Hoe was het mogelijk dat zo veel vrienden en bekenden niet verschenen waren? Natuurlijk waren velen zelf al dood: ‘Wimie’, ‘Londense Vriend P.’, doopvader Lambert Simon, dichter Nico V., pastoor Jan H., Ernst Jan Engels, ‘Maman’, Simon en Tiny Carmiggelt, ‘de Zusjes M. te G.’, lijfarts Jan G. en de uitgevers Geert van Oorschot en Johan Polak.

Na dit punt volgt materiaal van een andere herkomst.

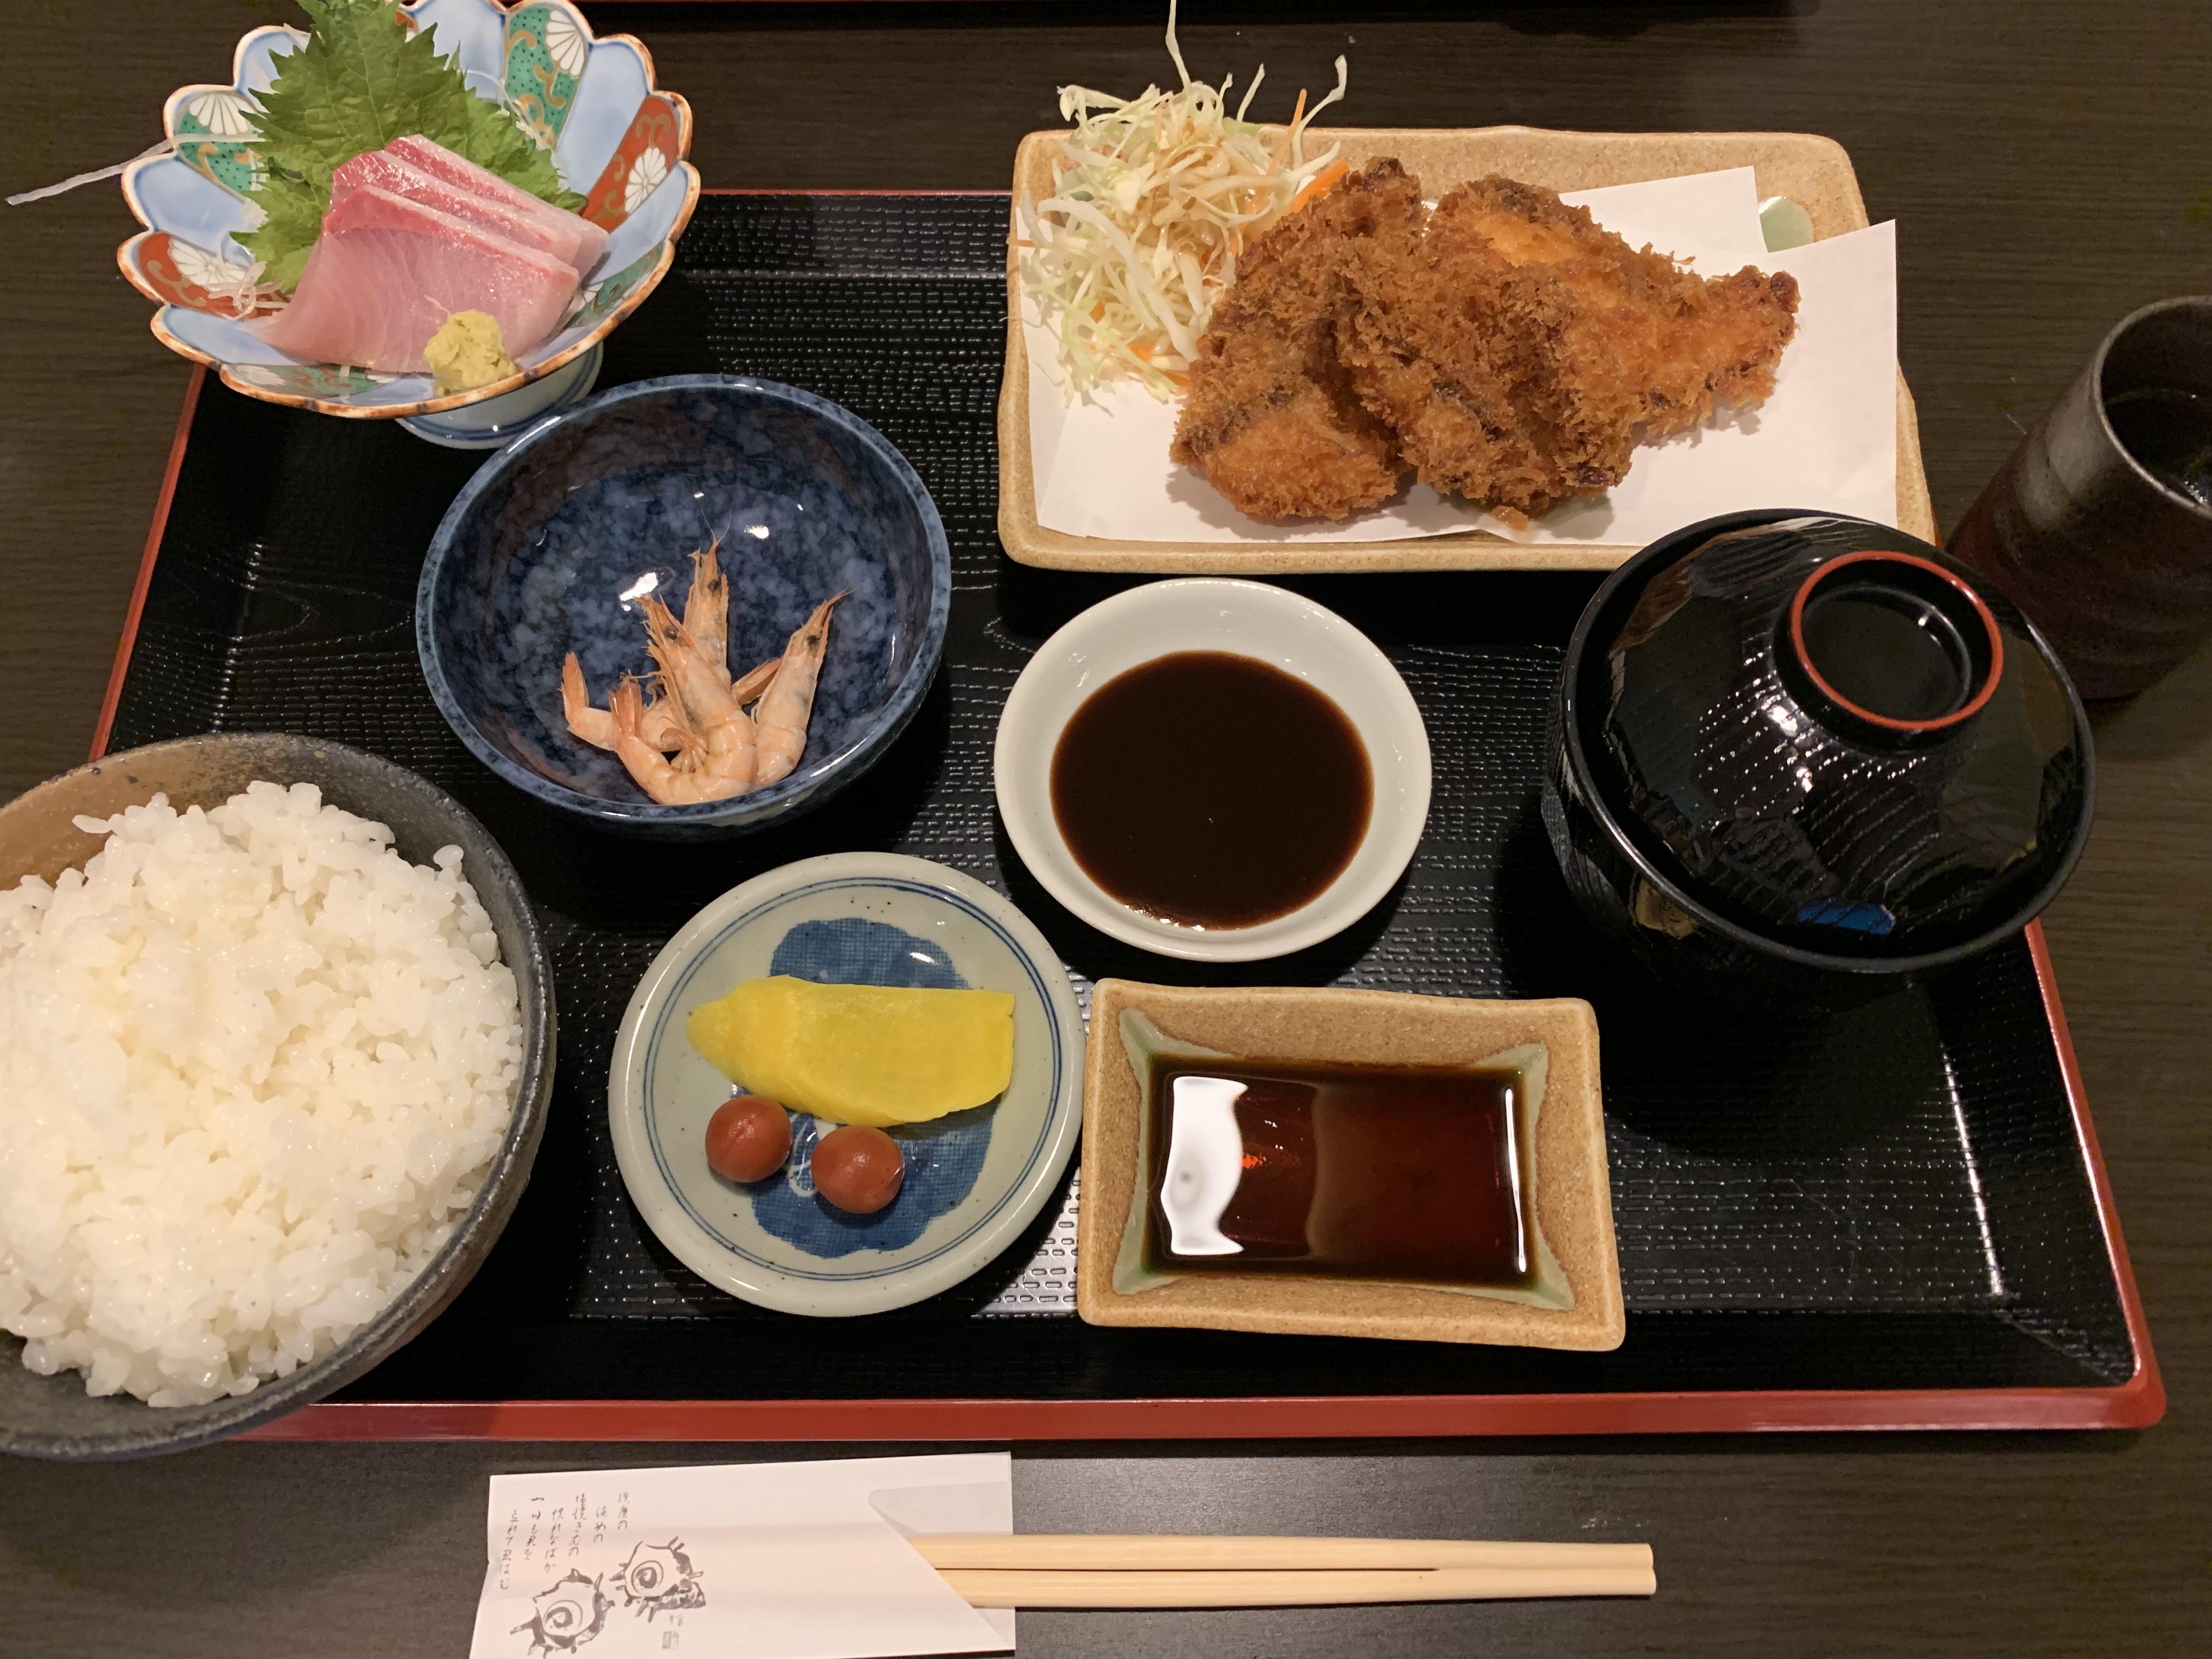 ボリューム満点ランチ!八幡浜で魚料理が美味しい店「海里」で「タイフライ定食」を食べてきたよ!

Maar waar waren de ‘Dichteres H.M.’, de Tapdanseres ‘Joosje B.’, ‘de jonge Indische Nederlander R.’, ‘Kandidaat Katholiek A.’, het ‘Loodgietend Prijsdier M.’, ‘Beschermer Q.’, ‘Bullie van der K.’, ‘Goeroe Peter B.’, Jürgen en Gaabi H., regisseur Hans K., Nieuwe Verloofde ‘Jakhals’, ‘Mijn Zoon R.’, Jan D., Fridjof L., Frits B., Marina H. en al

[pagina 35]
[p. 35]

die bewonderaars die ervoor gezorgd hadden dat in de jaren zestig onze deurmat dagelijks onder post bedolven werd en die bijna allemaal van Gerard een brief ten antwoord hadden ontvangen? Van de ‘familie’ waren alleen David en Josien uitgenodigd en gekomen, de kinderen van Karel van het Reve. Zij begroetten ons hartelijk toen we elkaar tegenkwamen.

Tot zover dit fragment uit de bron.